Koeman moet vrezen na slap gelijkspel in Europa League
Everton moet nog altijd wachten op zijn eerste zege in groep E van de Europa League. De ploeg van de geplaagde Ronald Koeman leek donderdagavond in de thuiswedstrijd tegen Apollon Limassol lang op weg naar de overwinning, maar moest in de absolute slotfase tegen nota bene tien man toch nog de gelijkmaker incasseren: 2-2.
Everton won afgelopen weekeinde in de Premier League weliswaar ternauwernood van laagvlieger Bournemouth, maar het elftal van Koeman liep zeker niet over van vertrouwen. The Toffees verloren immers vier van hun laatste zes wedstrijden en maakten ook tegen Apollon een onzekere indruk in de openingsfase. De bezoekers uit Cyprus bleven vrij eenvoudig op de been en namen na een klein kwartier spelen zelfs de leiding op Goodison Park.
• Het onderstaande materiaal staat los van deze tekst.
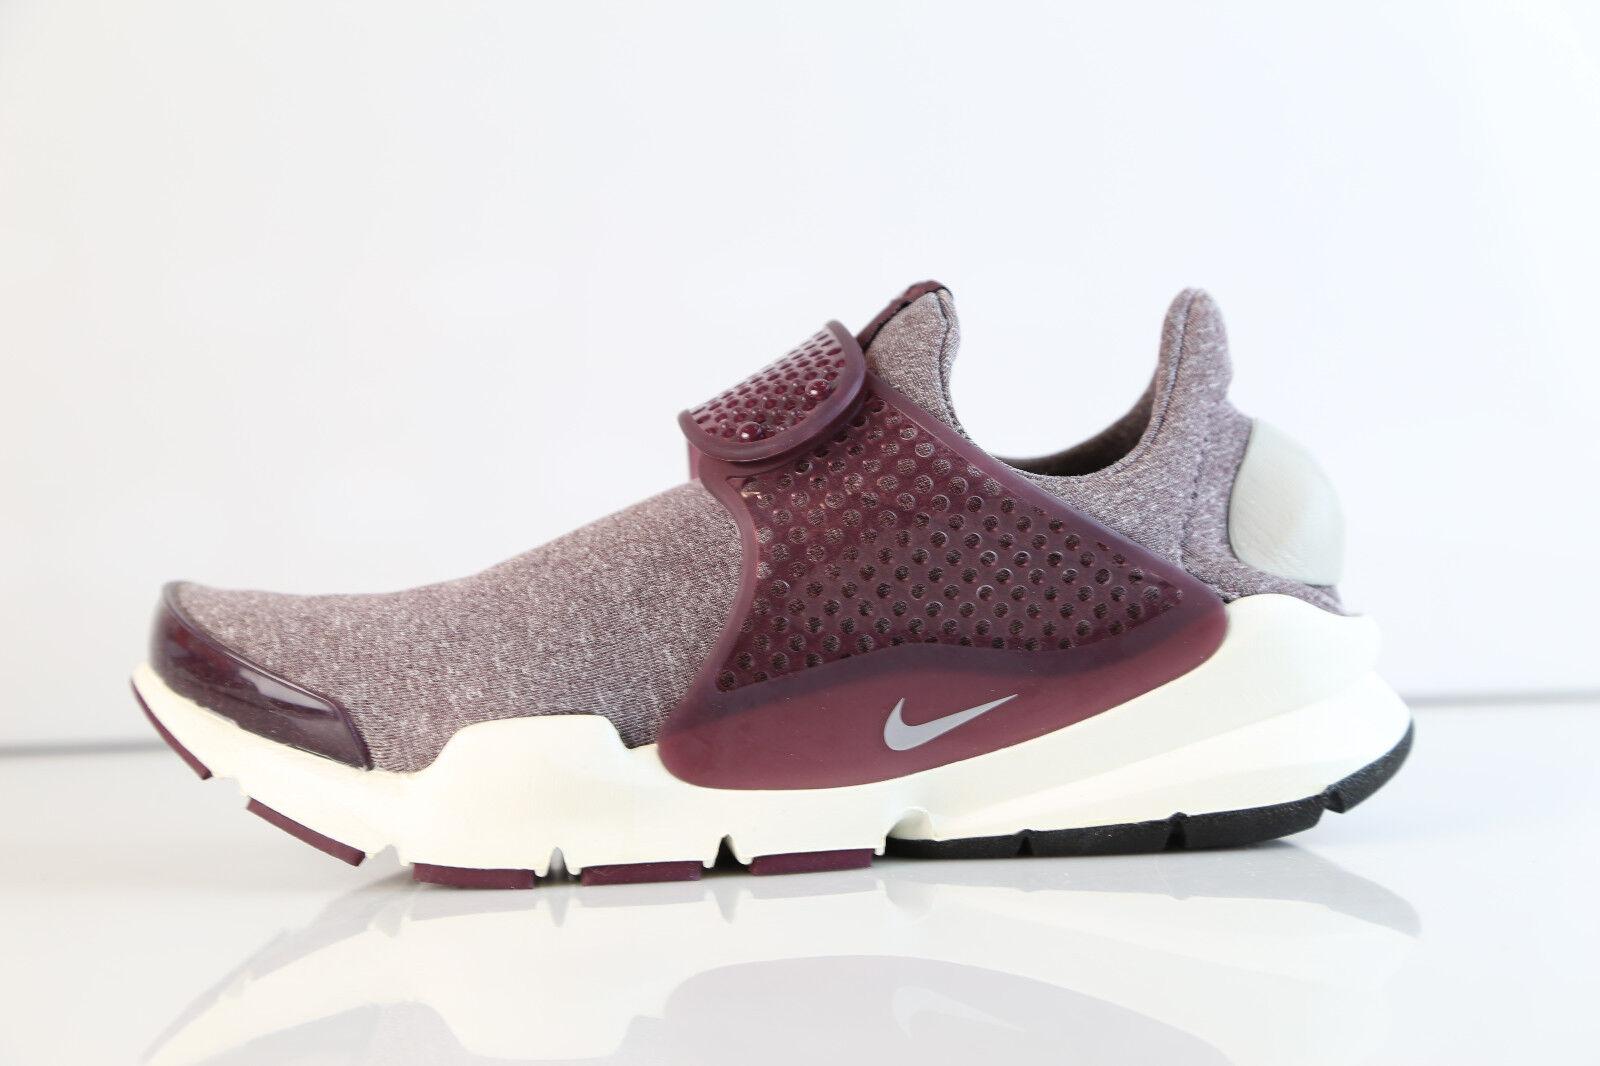 Nike Womens Sock Dart SE Night Maroon Iron Ore 862412-600 5-12 bordeaux prm free
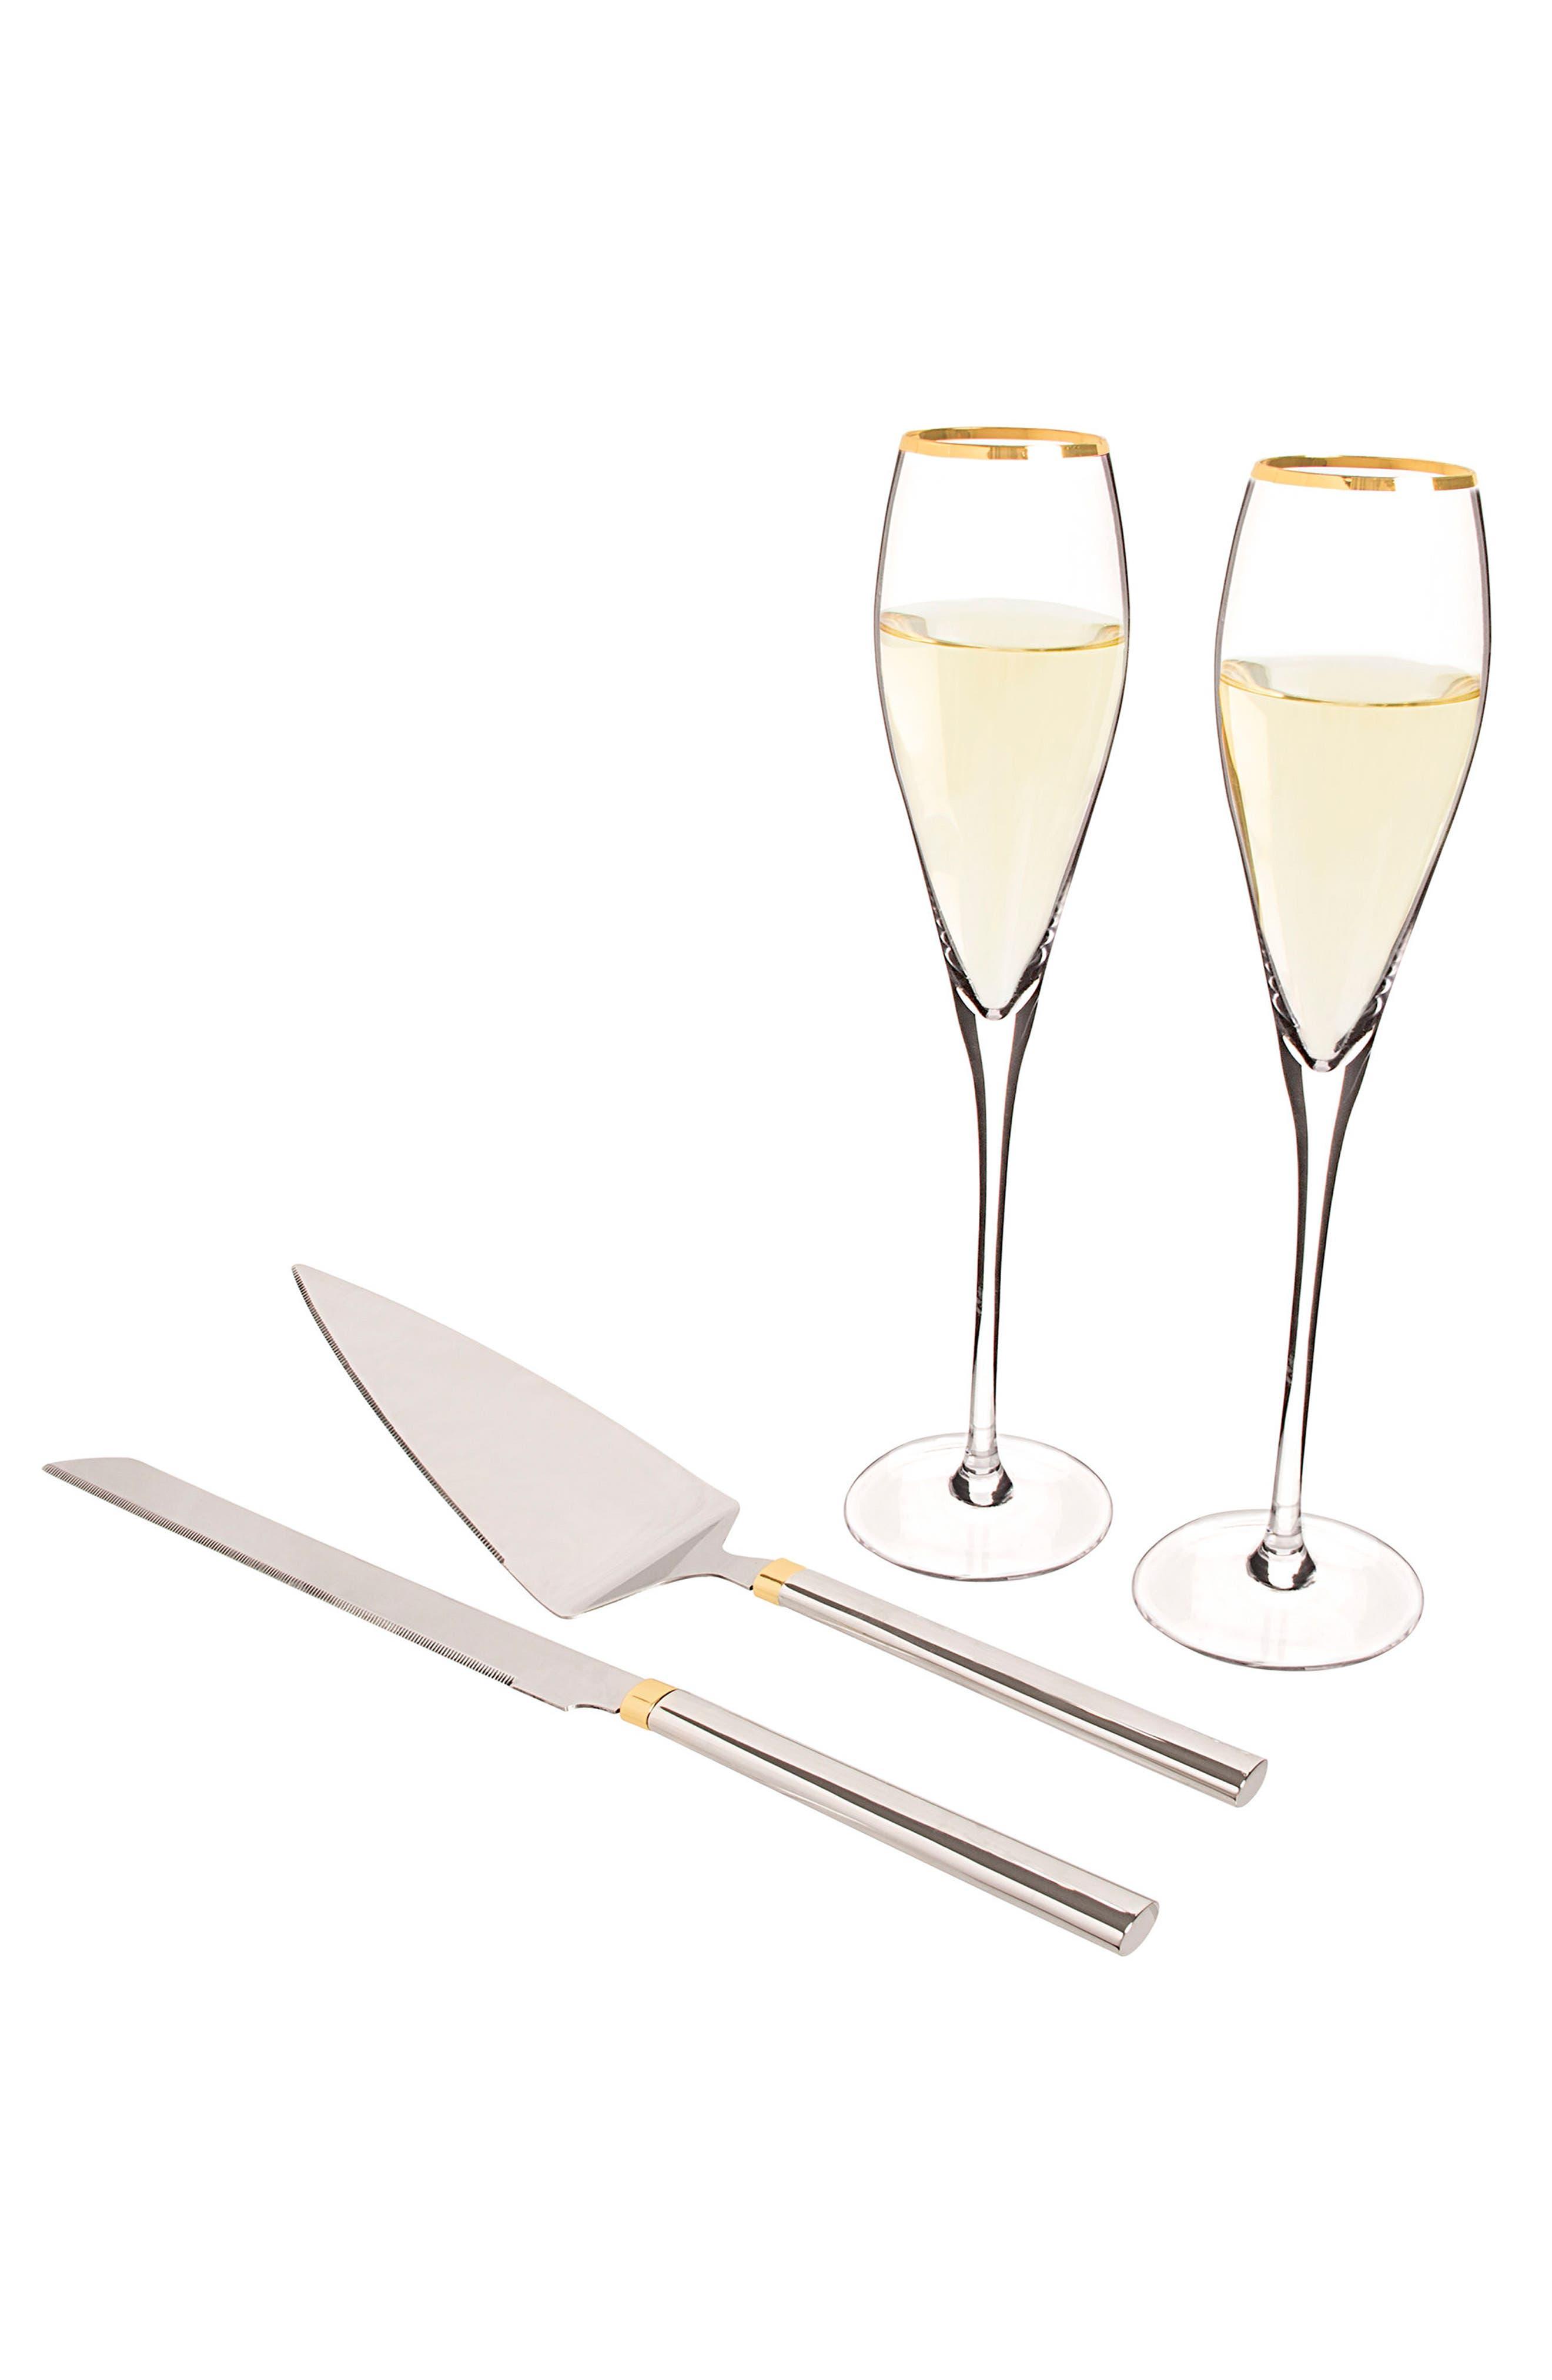 Monogram Champagne Flutes & Cake Server Set,                             Main thumbnail 1, color,                             710

Ashley Williams leverde de bal op kinderlijke wijze in bij Anton Maglica, die vervolgens een afgemeten voorzet in huis had op Adrián Sardinero: 1-0. Everton, waar Maarten Stekelenburg, Cuco Martina en Davy Klaassen allen genoegen moesten nemen een plek op de bank, maakte een matige indruk, maar ging dankzij een flater in de verdediging van Apollon toch rusten met een gelijke stand. Een terugspeelbal van Héctor Yuste op zijn doelman kon onderschept worden door Wayne Rooney, die het leder daarna in een leeg doel kon schuiven.
Everton maakte na de onderbreking jacht op de overwinning, al viel het de ploeg niet mee om een vloeiende aanval op te zetten. Halverwege de tweede helft slaagde het elftal van Koeman er echter toch in een gaatje te vinden in de verdediging van Apollon. Nikola Vlasic werd op een meter of twintig van het doel bereikt door Gylfi Sigurdsson, waarna de negentienjarige Kroaat het vijandelijke strafschopgebied binnenstoomde en met een geplaatst schot in de korte hoek voor de 2-1 tekende. Klaassen viel na het doelpunt van Vlasic nog in en hij zag hoe Yuste het scorebord twee minuten voor tijd met een kopbal toch nog in evenwicht bracht. Apollon stond op dat moment al met tien man na een directe rode kaart voor Valentin Roberge.